**Exercise brief**
Please copy the lines below, exactly as they are, from the one with "Facts of Fiction – F(r)iction" through the one with "Dog Cage Cover", and leave out the pictures.

**Dataset**

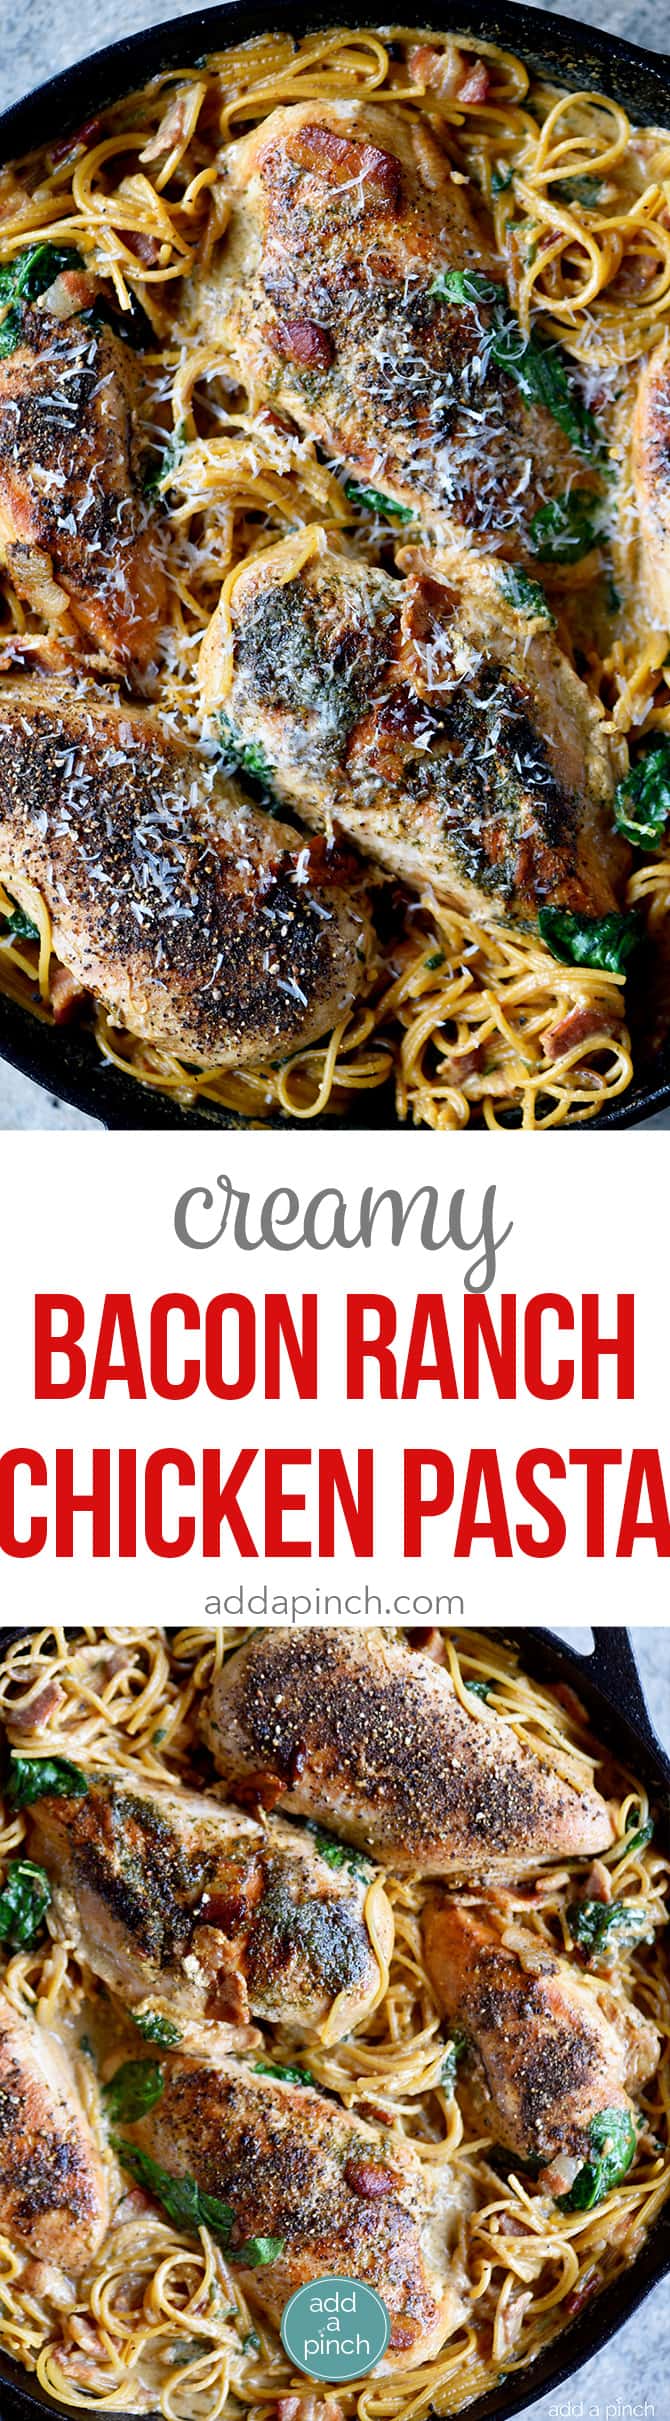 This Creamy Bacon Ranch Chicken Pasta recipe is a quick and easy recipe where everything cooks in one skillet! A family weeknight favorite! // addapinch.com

...

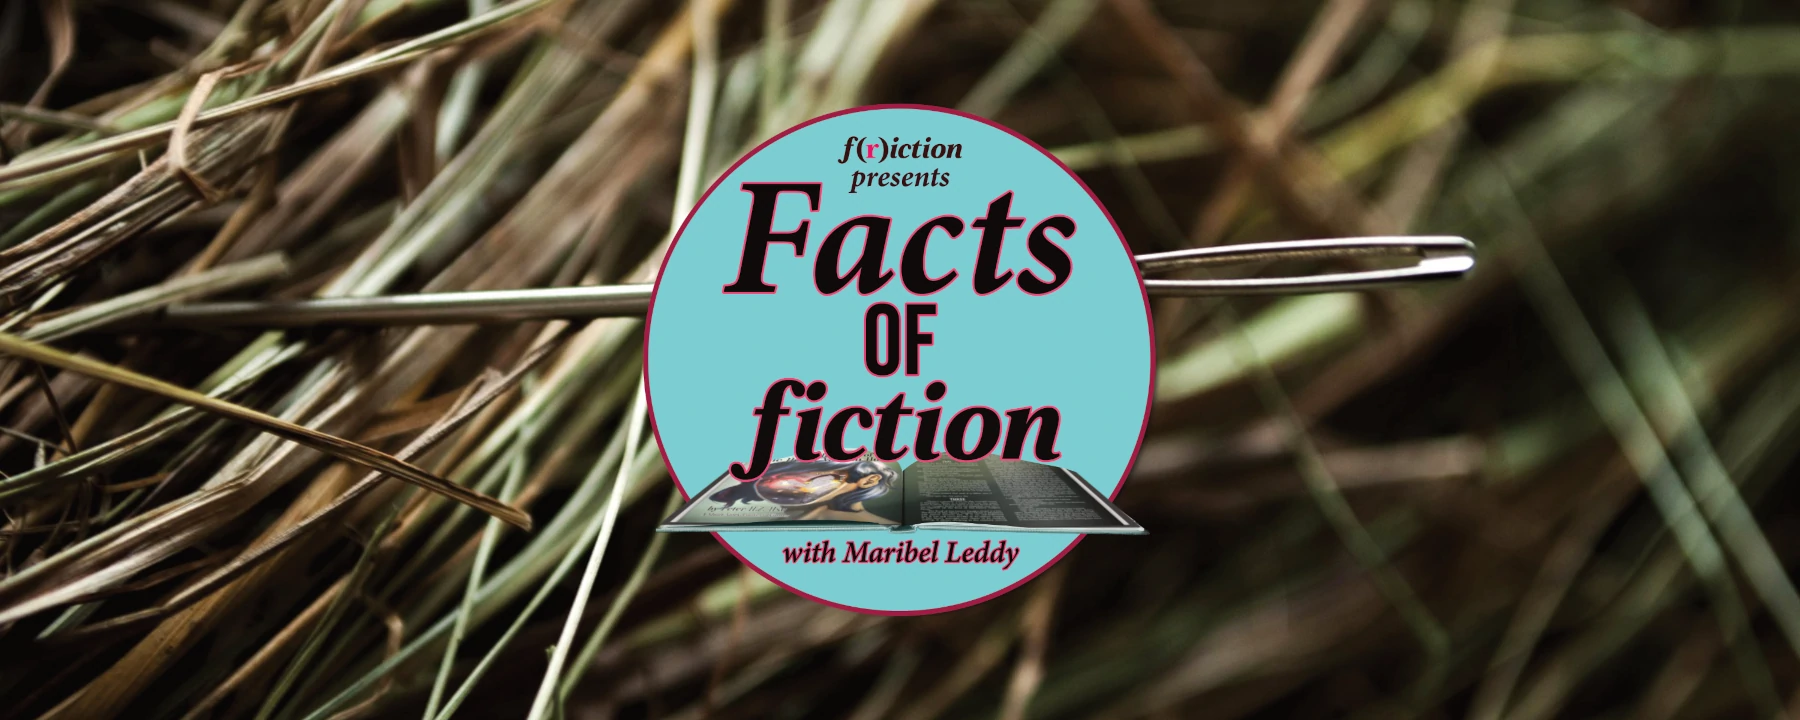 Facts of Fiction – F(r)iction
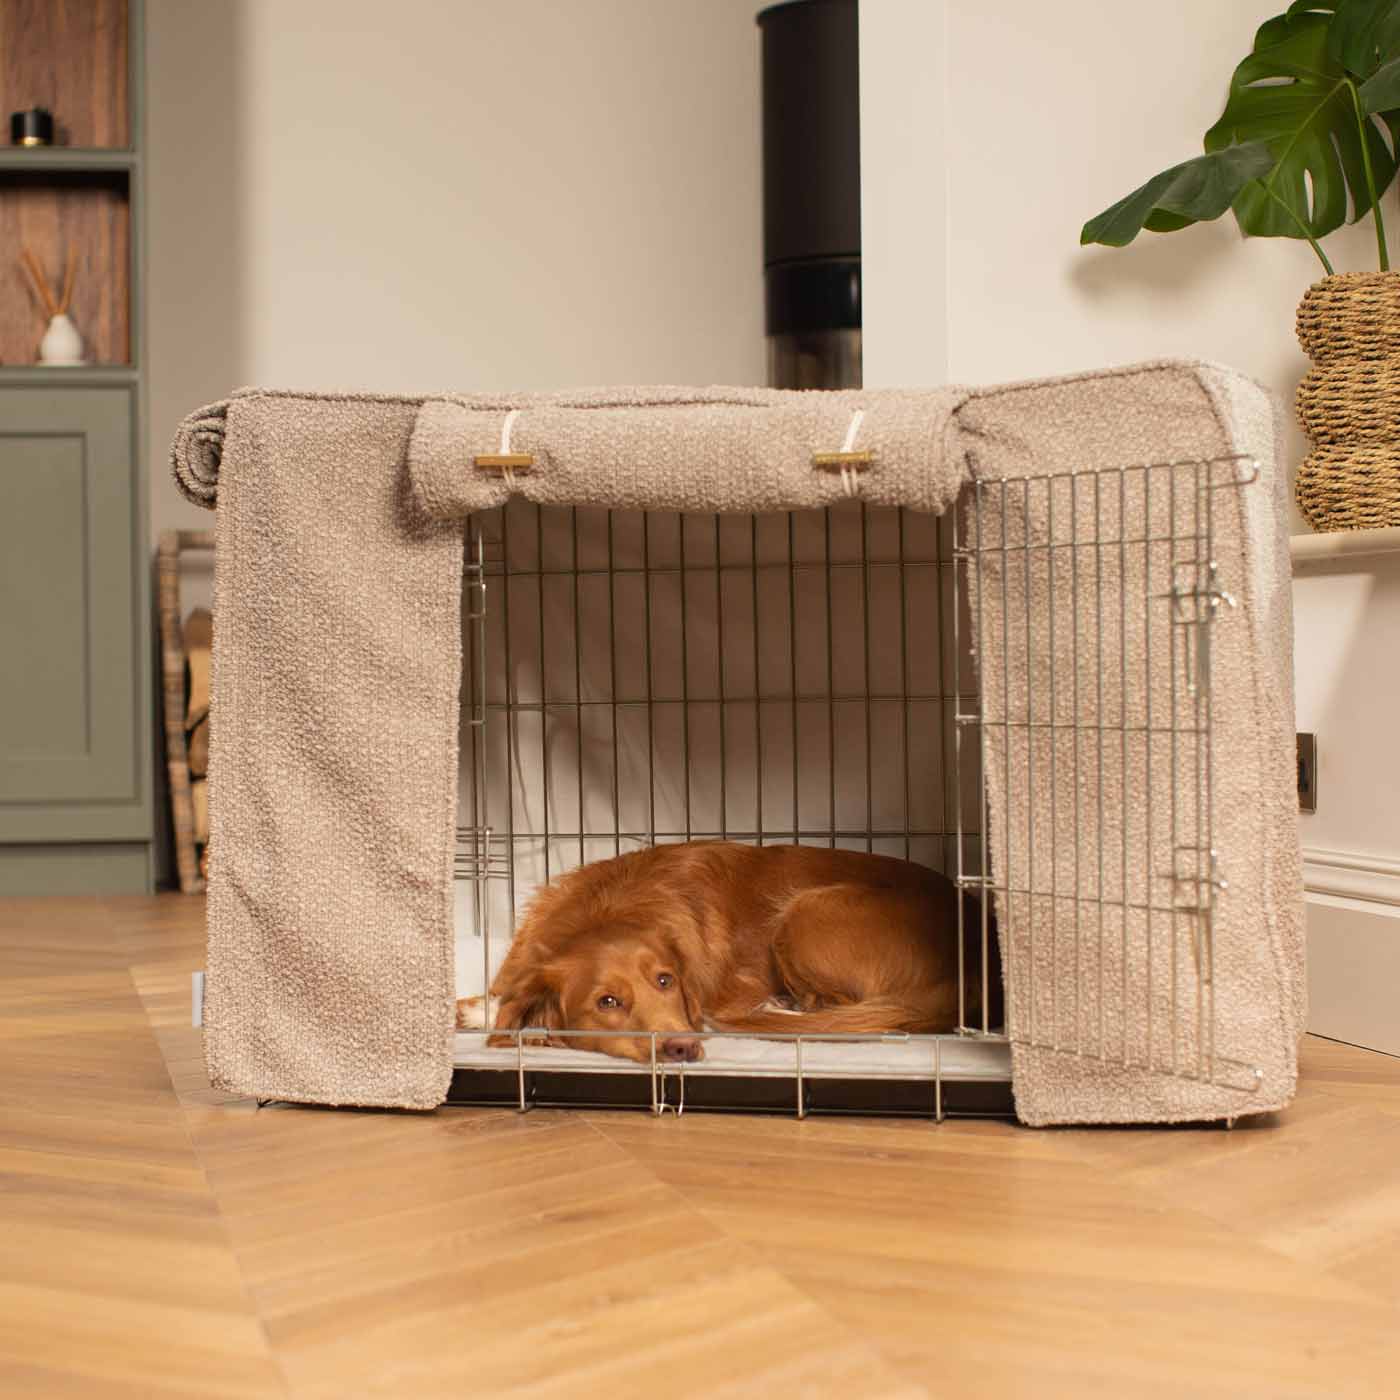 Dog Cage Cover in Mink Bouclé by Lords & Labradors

==

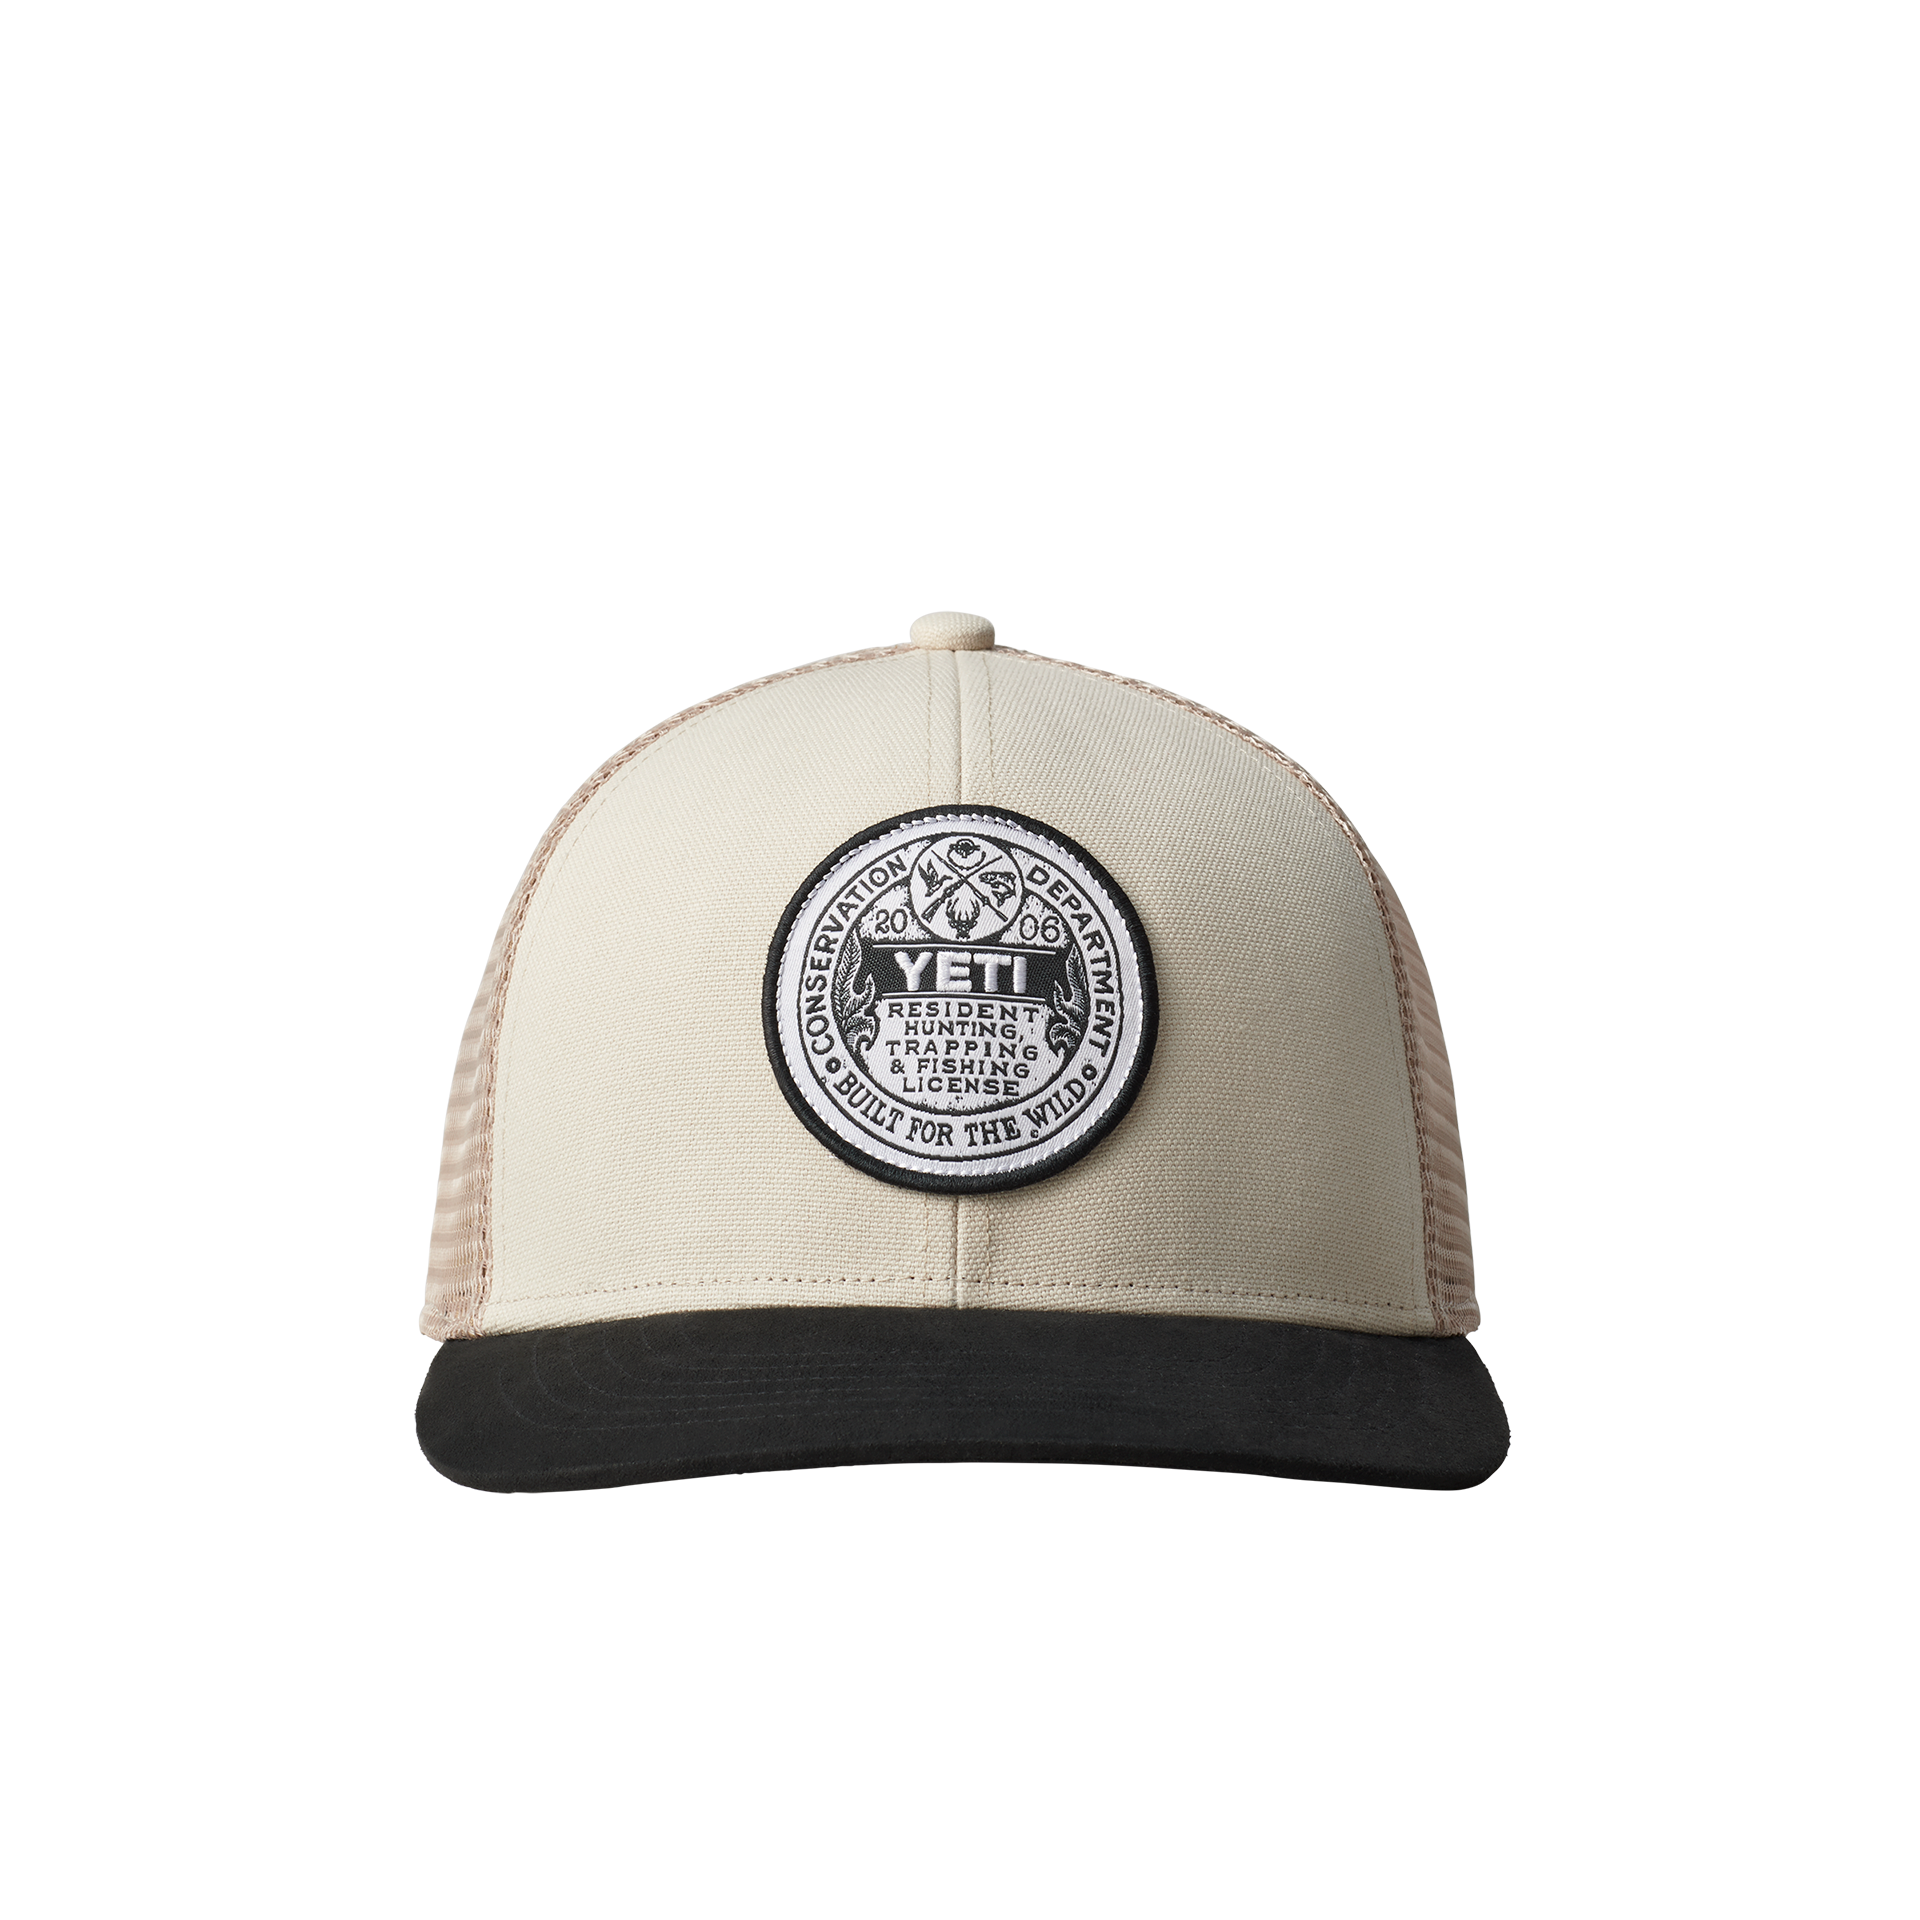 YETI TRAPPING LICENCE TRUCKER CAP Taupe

**Solved problem**
 Facts of Fiction – F(r)iction
 Dog Cage Cover in Mink Bouclé by Lords & Labradors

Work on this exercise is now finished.